My feeling is that 23 years ago you gave birth to a baby. The midwife may well have said, "It's a boy" but that has very little meaning in terms of your child's life, long term; their feelings and abilities, joys and heartaches.
It is believed, by more and more people, that too much emphasis is placed on "male" and "female". Others believe that mistakes are being made. It is very clear that things are not so simple as some believe.
When you are ready, you'll get the most useful info from your child. They will be able to tell you how they feel, and perhaps some of the heartrending agony of the path that has led them to confide in you. It will probably help your child to talk things through with you (provided you can try to be sympathetic and understanding). At some point (but not necessarily right now) it might help your child to hear of your own feelings.
If you don't feel able to greet this new information from your child in a positive way, it will probably be best to "keep mum" for now.
I wish you strength and understanding. If this is all new to you, then you are "on a learning curve".
And finally, for now I suggest you don't keep asking that same question over and over. It is unlikely to get you any useful information, and quite likely to cause considerable hurt.

SexyBastardSmile · 24/06/2022 03:24

This is ridiculous if its real.

Do you believe in gender ideology?

If you don’t, it’s very simple, you have a son.

If you do, you can do all sorts of mental gymnastics and ‘be kind’ type stuff that may mean you say you have a daughter. But the reality is that you still have a son.

Bottom line, you have a son.

If this is even real.

marblemad · 24/06/2022 03:26

MySon · 24/06/2022 02:46

No one has told me if I have a son or not.

The basic answer is You have a child, you have a biological son who you birthed and supported, that bioloigcal son has identified to you they do not feel they should have been a son but instead a daughter. Your supportive parenting showed them that they could be who they wanted to be and helped them identify that. On occasion this can be a hormonal imbalance, social confusion etc, but the likelihood is that your child is and has always been feeling trapped within their given gender and identifies more closely with the opposite gender.
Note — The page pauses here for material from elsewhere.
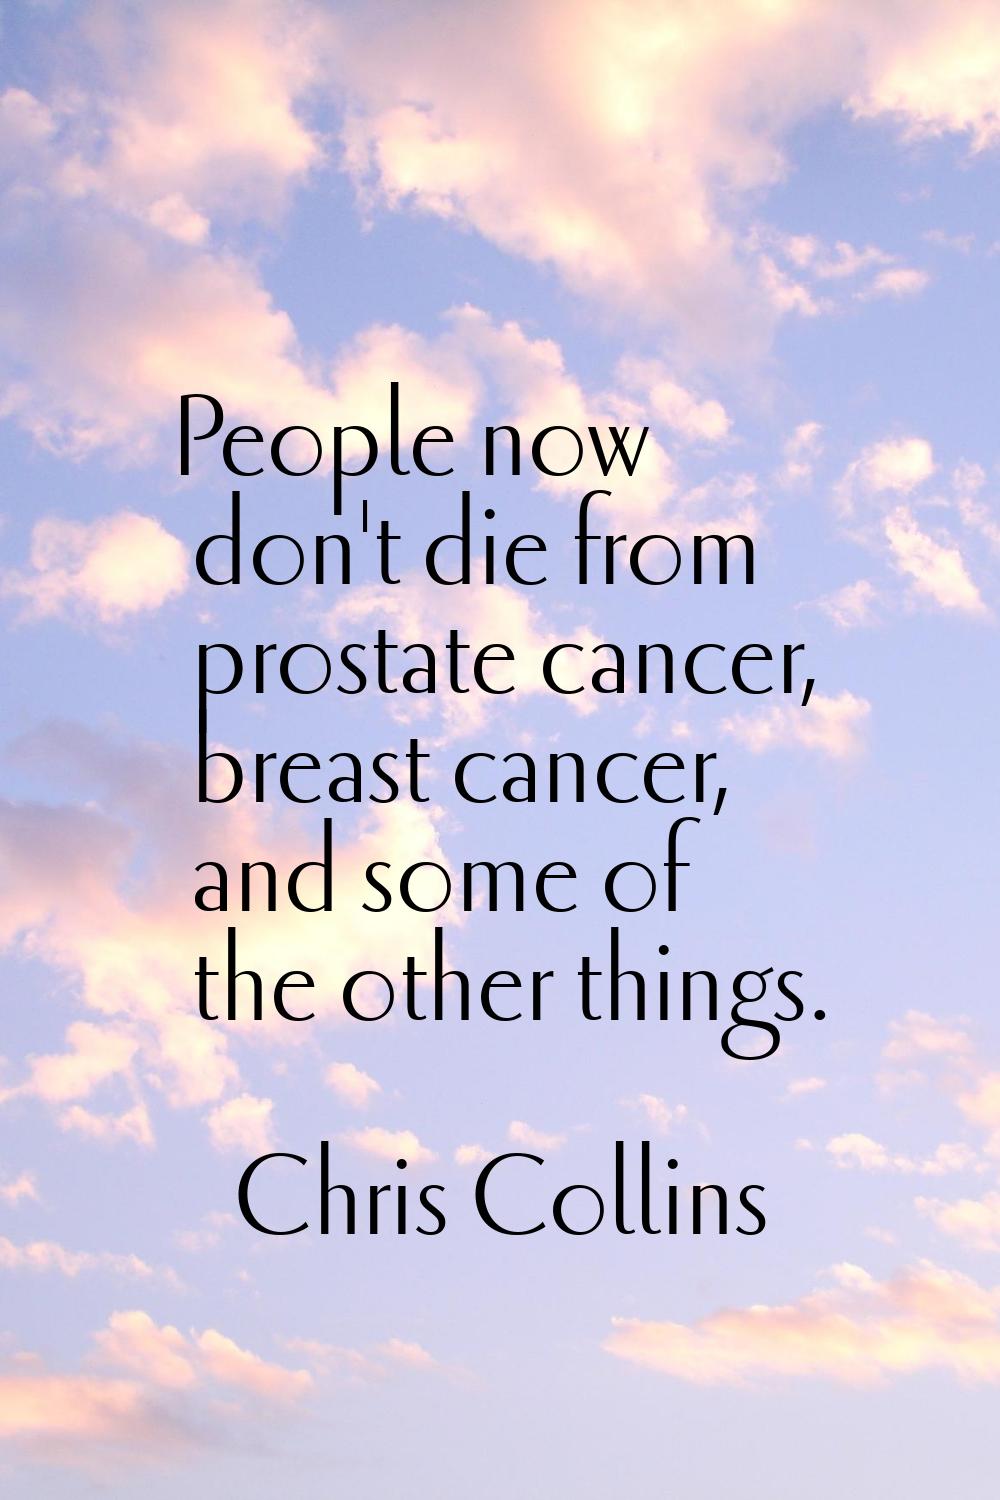 People now don't die from prostate cancer, breast cancer, and some of the other things.

You need to show support, kindness and guidance to this new individual in their journey of discovery.

CockSpadget · 24/06/2022 03:41

You gave birth to a son, you raised a son. The son became an adult and has now decided to live their life the way they feel. They feel like they were born in the wrong body, and identify themselves as female. So now they would like to live the rest of their life that way. They are still your child, and as a parent you should want them to live whatever life makes them happy, and they were clearly unhappy living it as a male.
Yes, it is a huge adjustment for you, but no, they don't want you to consider them as your son anymore, but as your daughter.
Please be grateful that you have a living child, and that others have not been so lucky, and they would not care how their child wanted to be known to the world, if they could have them back.

MySon · 24/06/2022 03:47

@SexyBastardSmile yes it's real, unfortunately. I believe I have a son.

It's just so hard to be made out to be the bad guy for just having knowledge of my own life, my own experiences as a young woman and a mother. What I know to be true is, unfortunately, the opposite of what he wants me to express.
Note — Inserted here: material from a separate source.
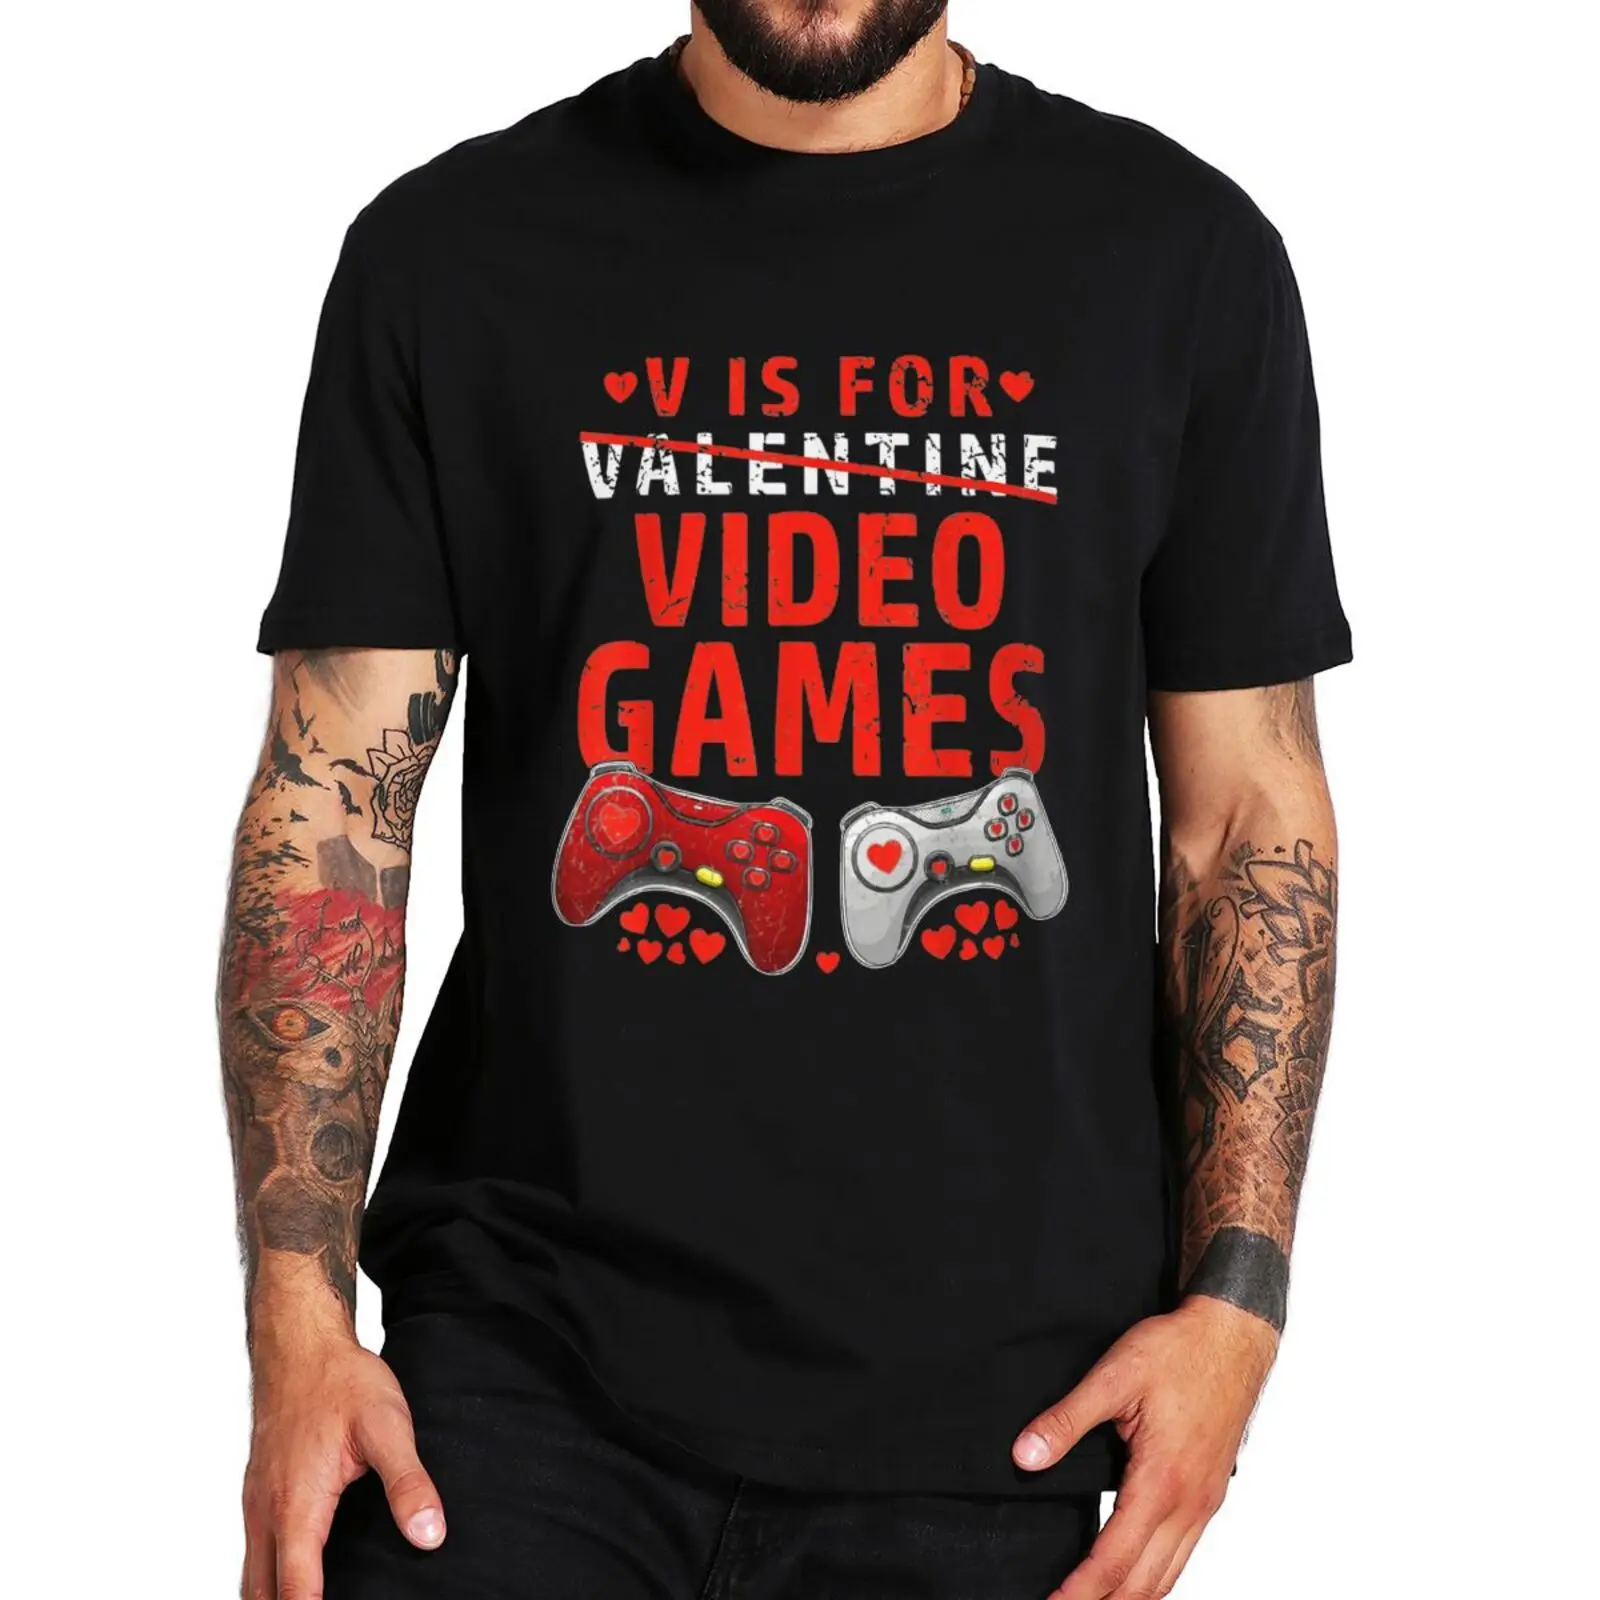 

Funny Video Games T Shirt Humor Valentines Jokes Game Lovers Tee Tops 100% Cotton Unisex Soft Casual T-shirt EU Size

It makes me question what I know in my head. I needed someone to talk to about this so thanks to everyone that has responded.

OP posts:
StanleyBostitch · 24/06/2022 03:56

MySon · 24/06/2022 02:48

Just tell me, yes or no.

All I want to know is what happened to my son. Do I have a son or not?

That's it.

Thank you.

You have a daughter as that is what your child has told you they are.